→ **Exercise instructions**
Pictures stay out; print the rest of the listing below exactly as it stands.

(Supplied material begins)

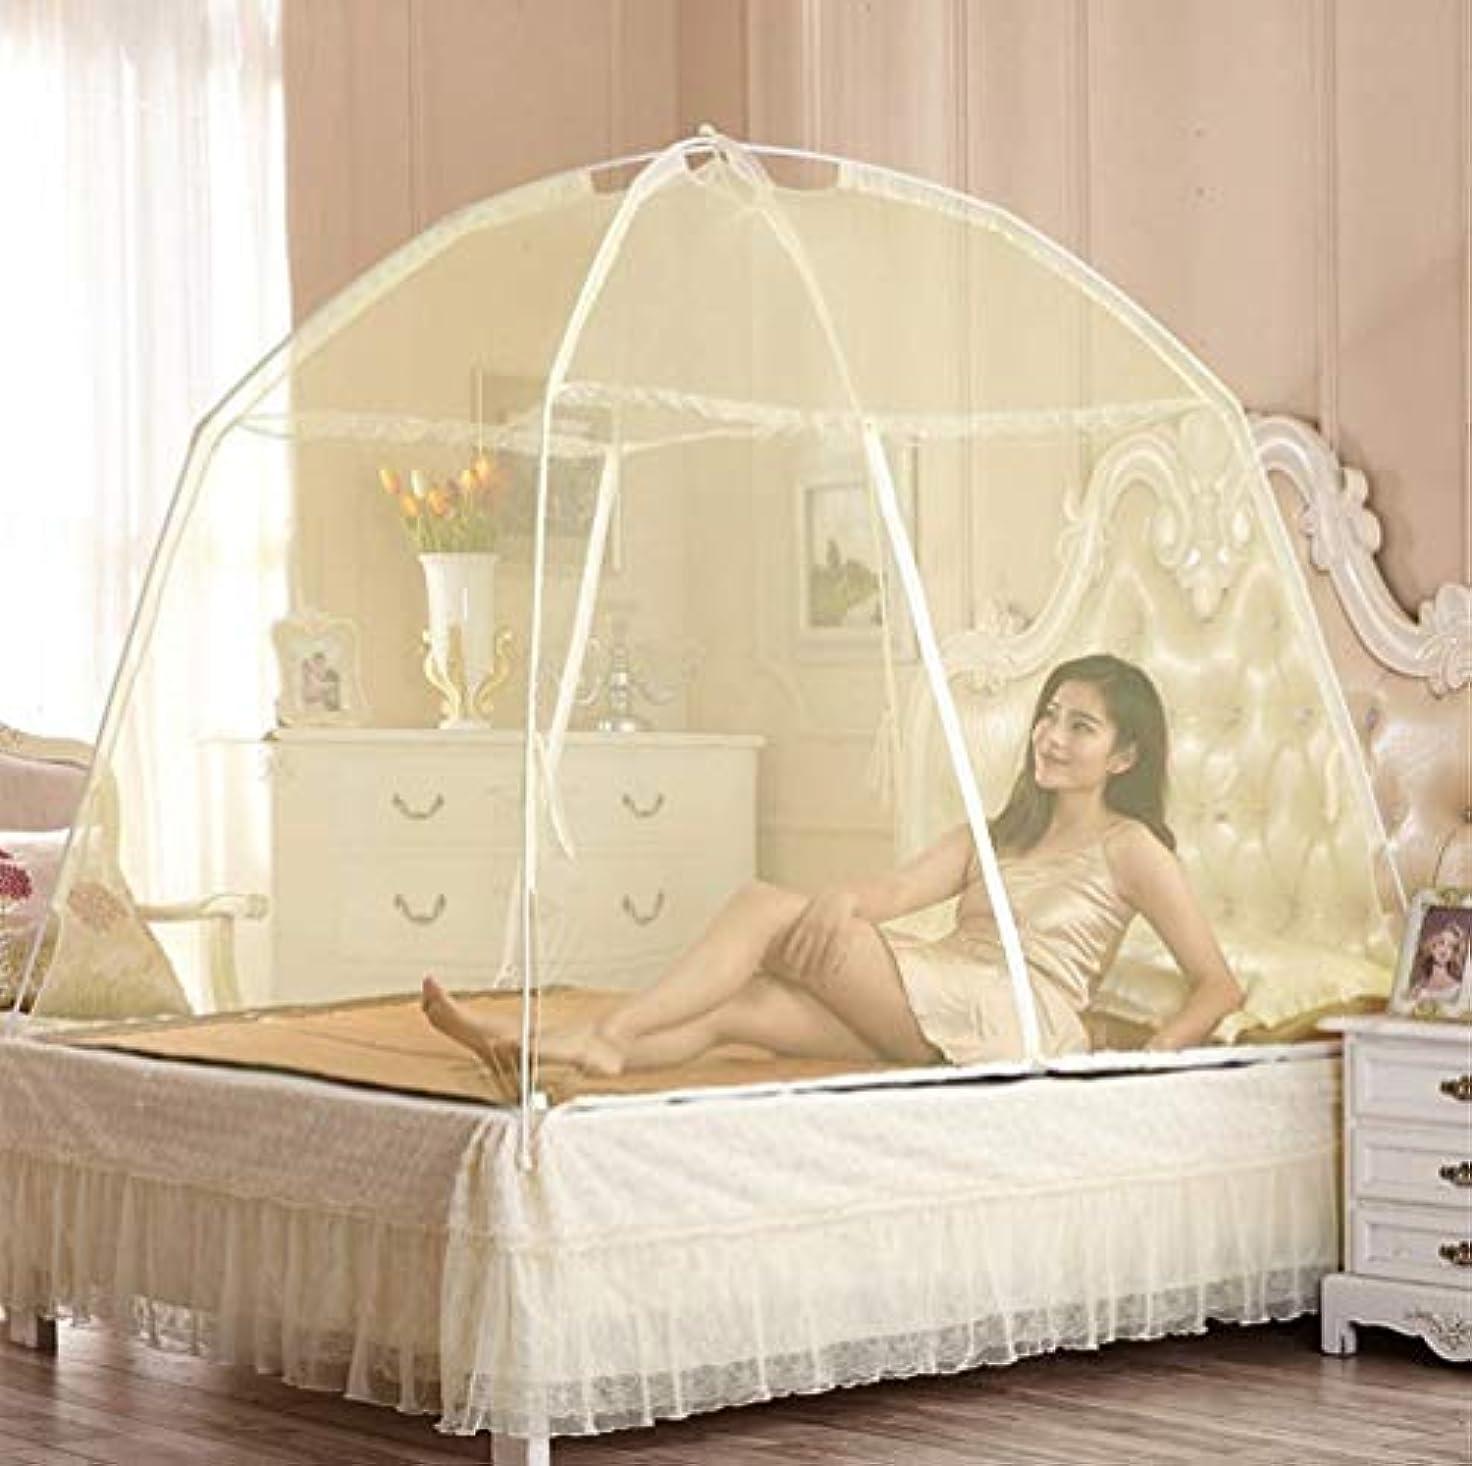 印象的な書士アパートSHIJIAN 蚊帳ベッドキャノピー、プレミアムバグスクリーン忌避剤、ドームスクリーンネッティングカーテン、防虫忌避剤、虫よけマラリア対策
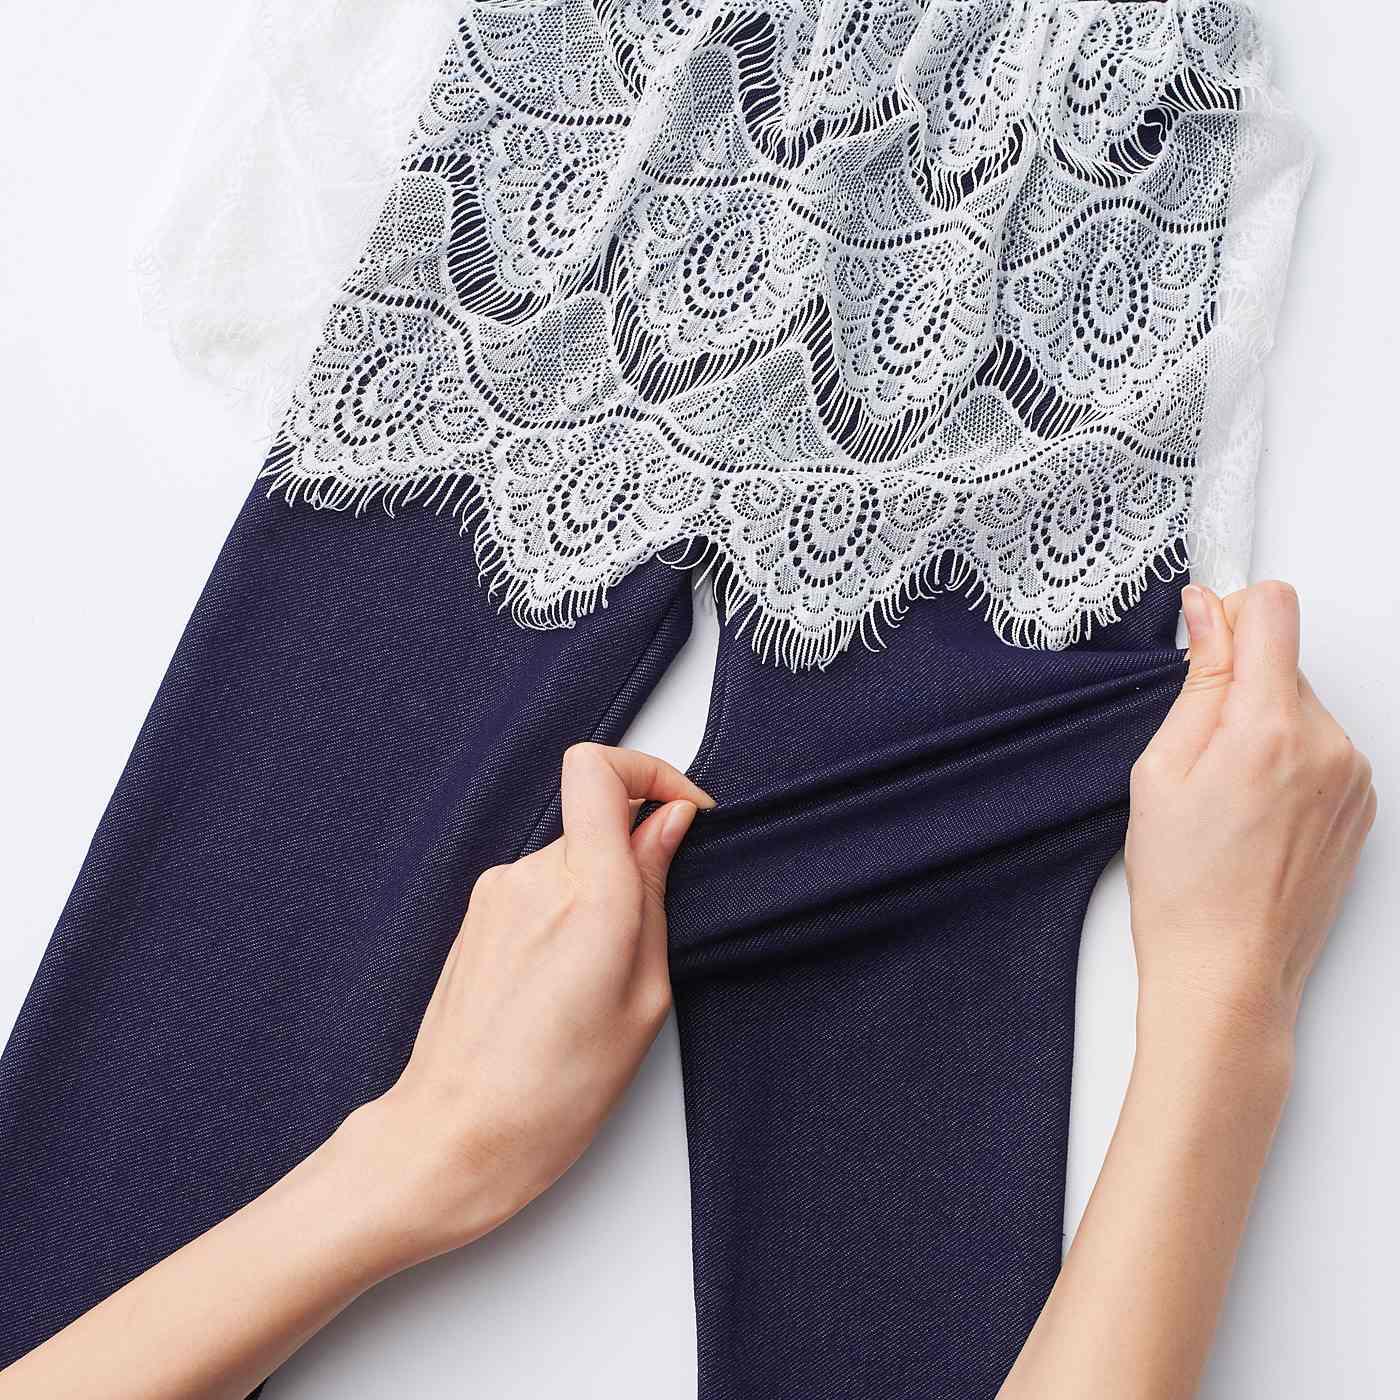 パンツ部分は伸縮性抜群! よーく伸びて、動きにフィット。
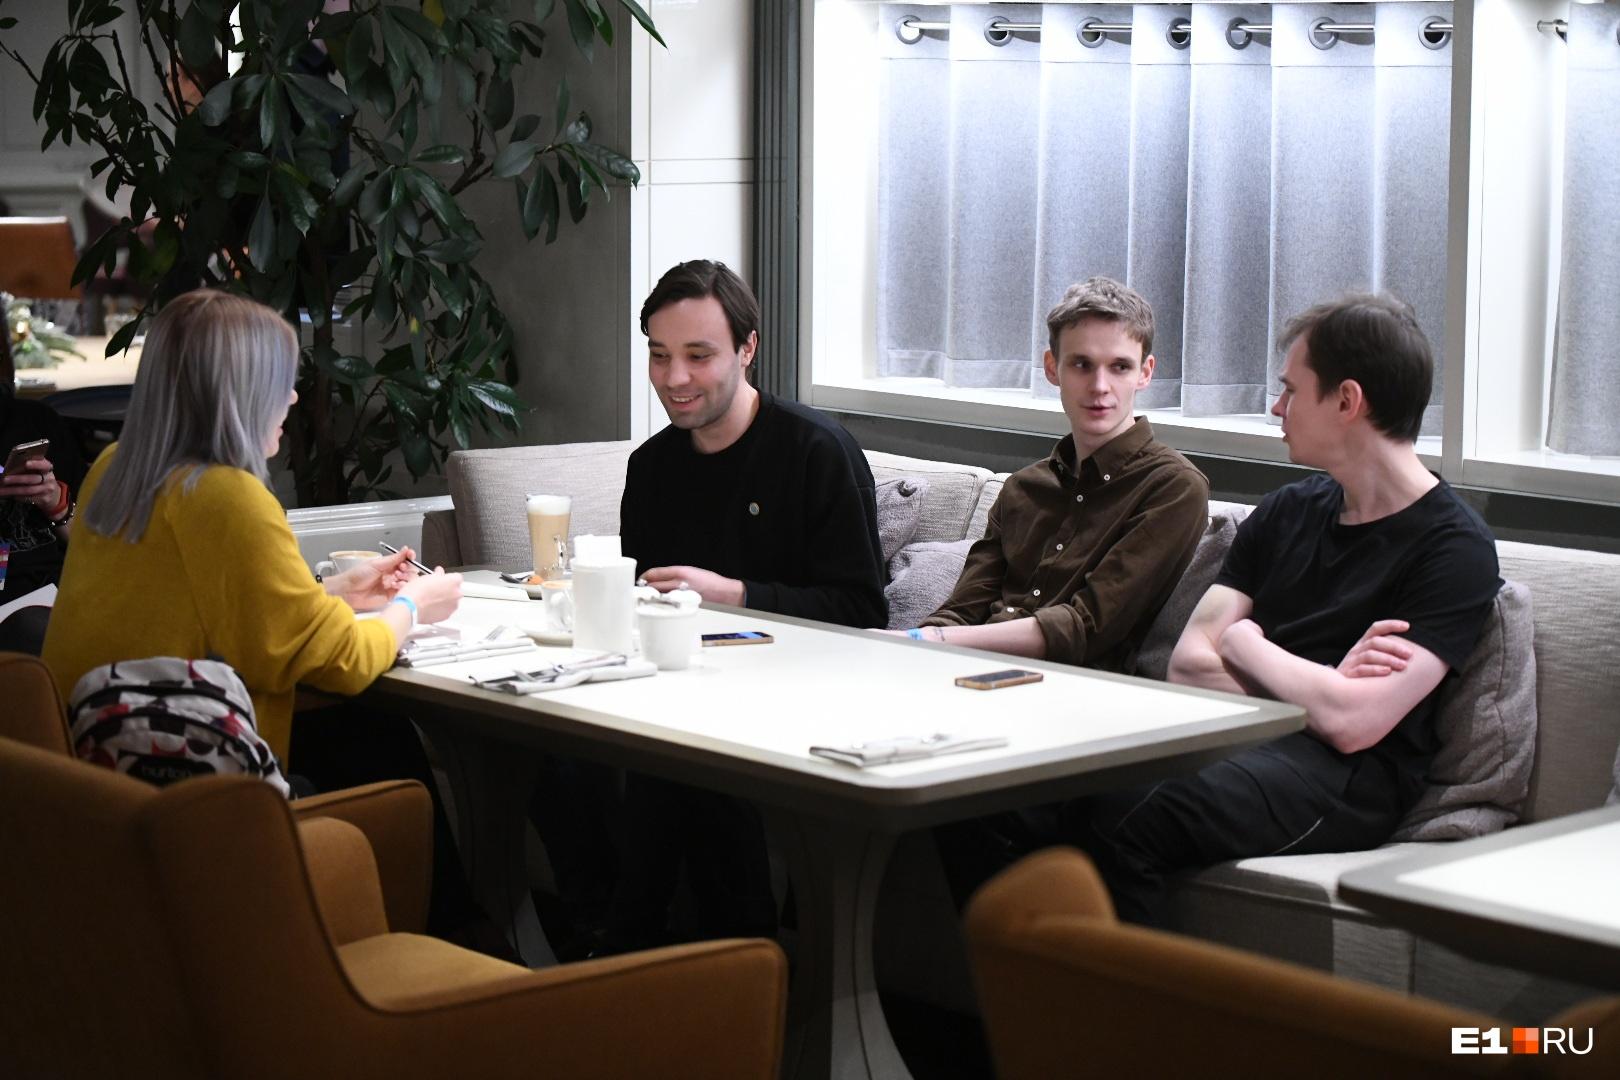 В современном составе группы трое парней, слева направо: Ярослав Тимофеев, Дмитрий Шугайкин, Вадик Королёв
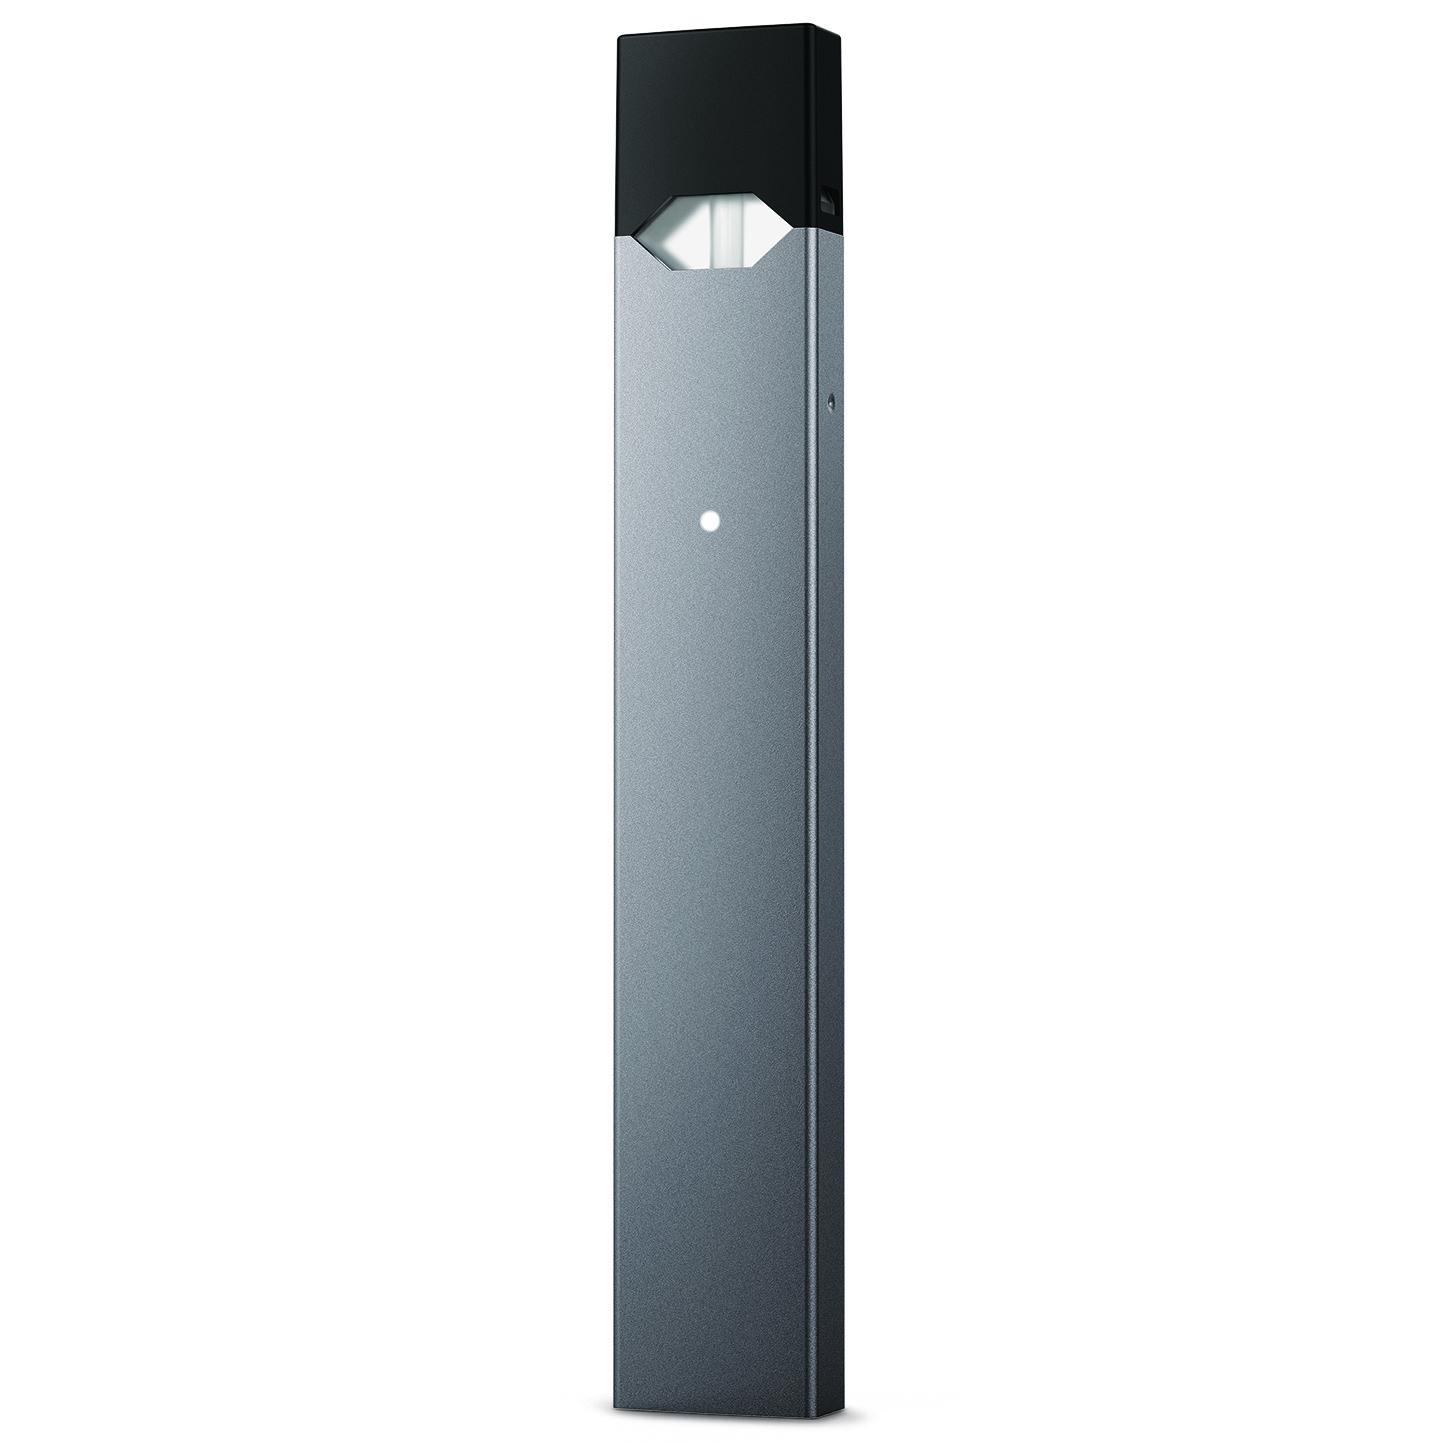 Джул электронная сигарета купить дешево купить электронную сигарету в москве с зарядкой

(Supplied material ends)

→ **Answer for this exercise**
 印象的な書士アパートSHIJIAN 蚊帳ベッドキャノピー、プレミアムバグスクリーン忌避剤、ドームスクリーンネッティングカーテン、防虫忌避剤、虫よけマラリア対策
 パンツ部分は伸縮性抜群! よーく伸びて、動きにフィット。
 В современном составе группы трое парней, слева направо: Ярослав Тимофеев, Дмитрий Шугайкин, Вадик Королёв
 Джул электронная сигарета купить дешево купить электронную сигарету в москве с зарядкой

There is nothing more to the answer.